### Work item
Only the lines running from the line with "modèle d'infographie pour" to the end of the listing below should be copied, exactly, without pictures.

### Supplied data
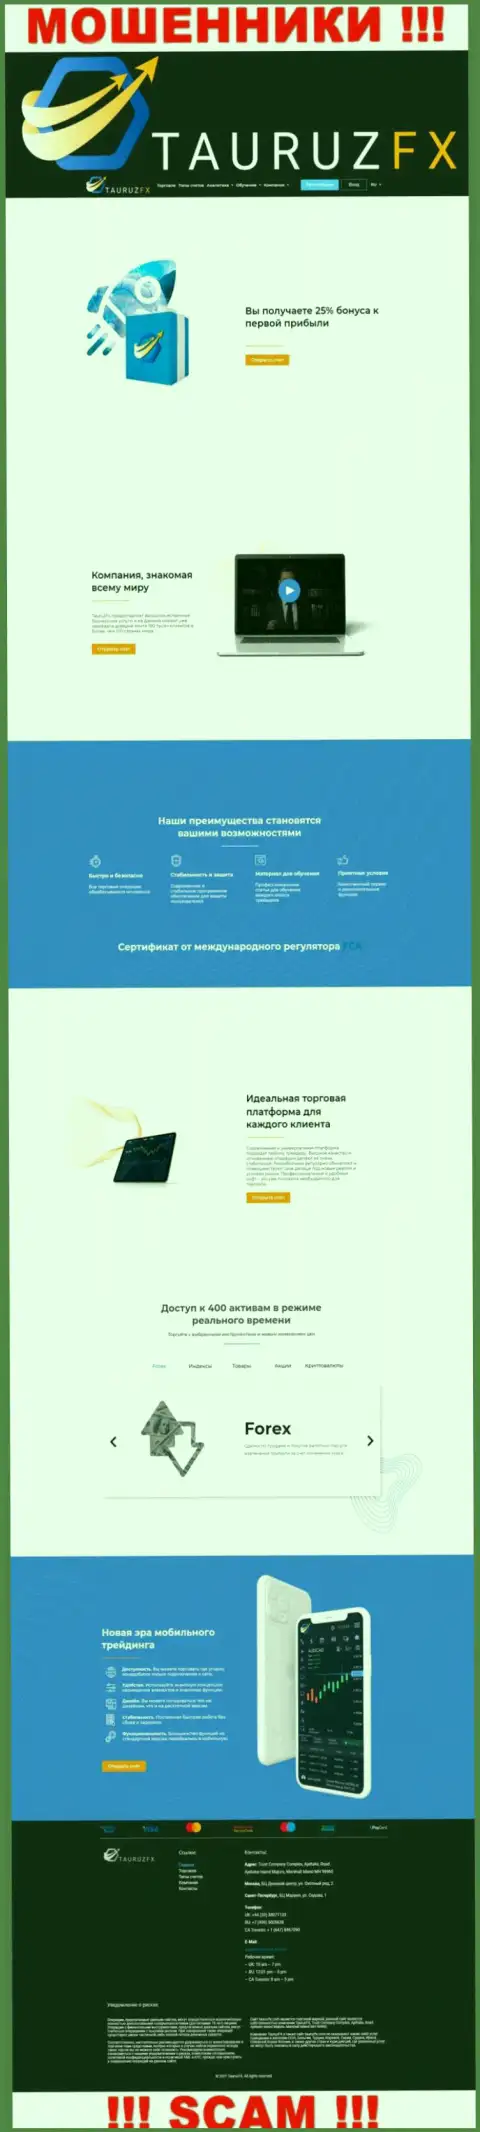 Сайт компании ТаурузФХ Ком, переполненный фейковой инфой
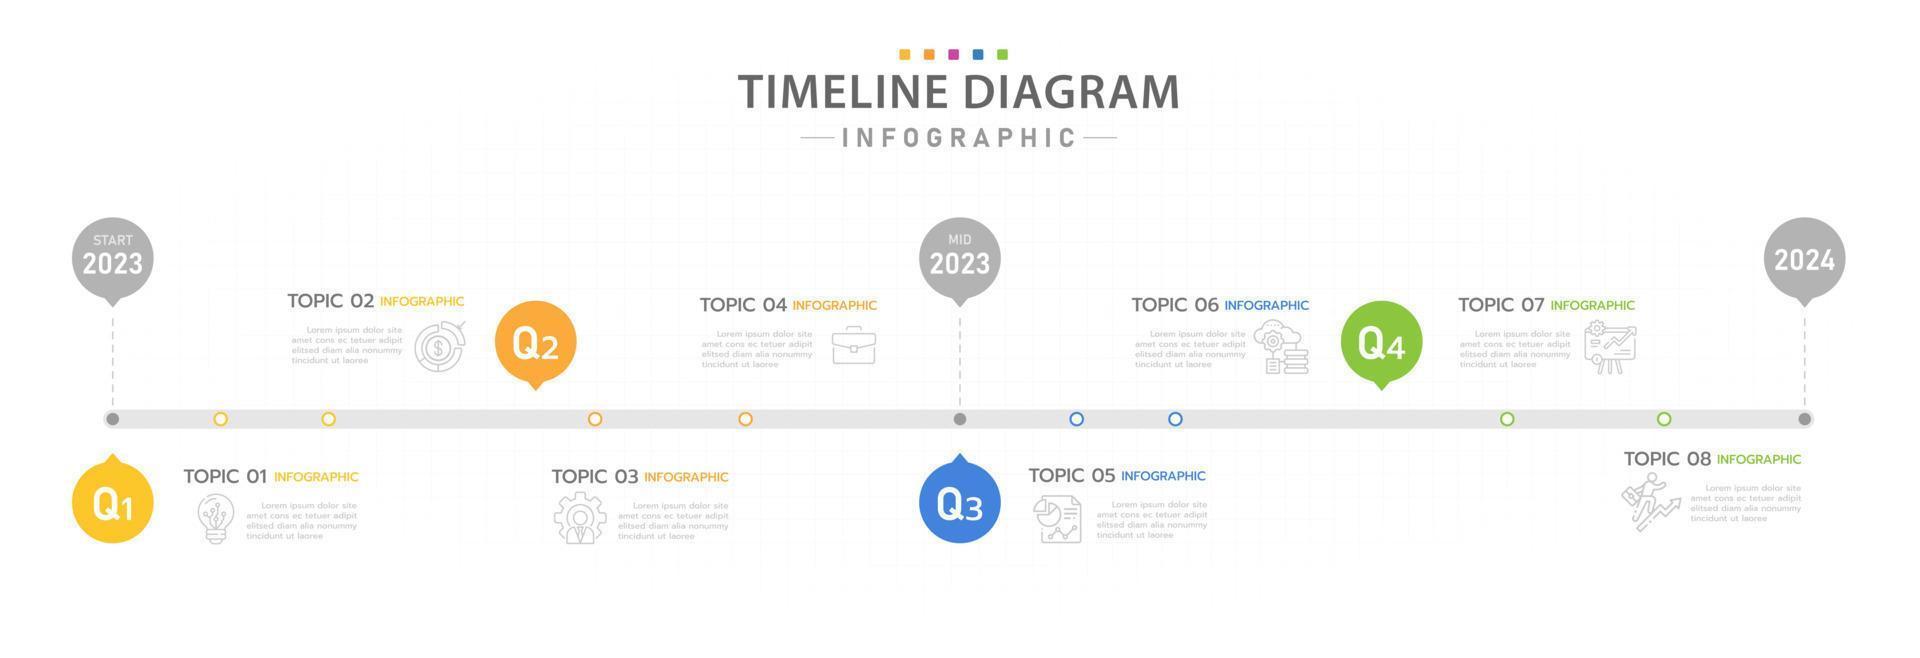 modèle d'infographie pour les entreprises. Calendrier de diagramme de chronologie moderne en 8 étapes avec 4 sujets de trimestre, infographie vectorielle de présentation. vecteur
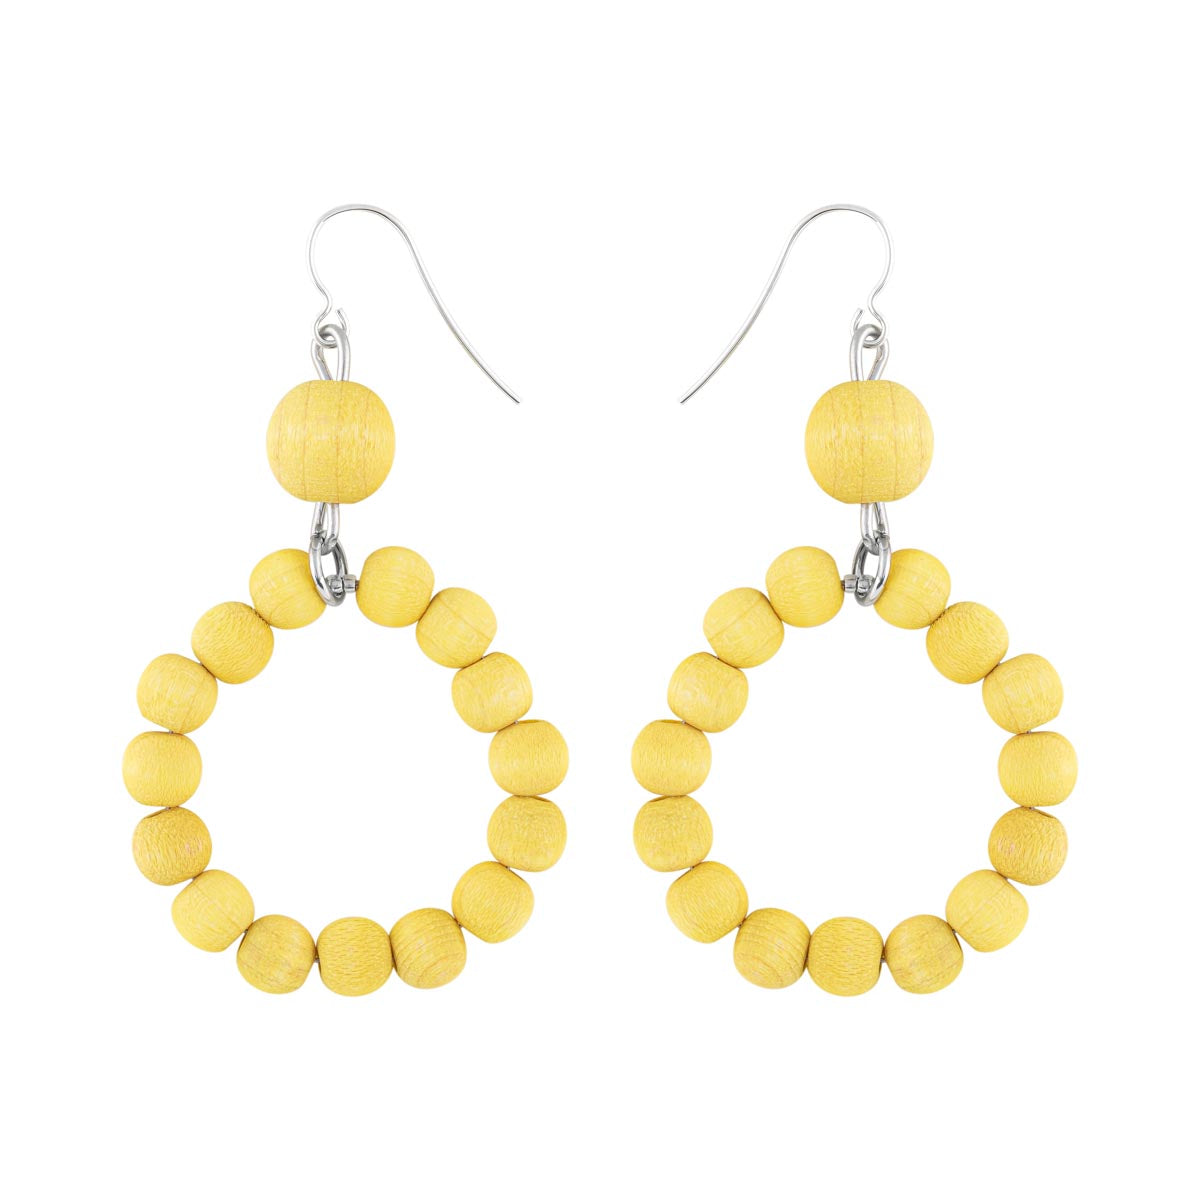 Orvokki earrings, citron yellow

### Solution for this task
 modèle d'infographie pour les entreprises. Calendrier de diagramme de chronologie moderne en 8 étapes avec 4 sujets de trimestre, infographie vectorielle de présentation. vecteur
 Orvokki earrings, citron yellow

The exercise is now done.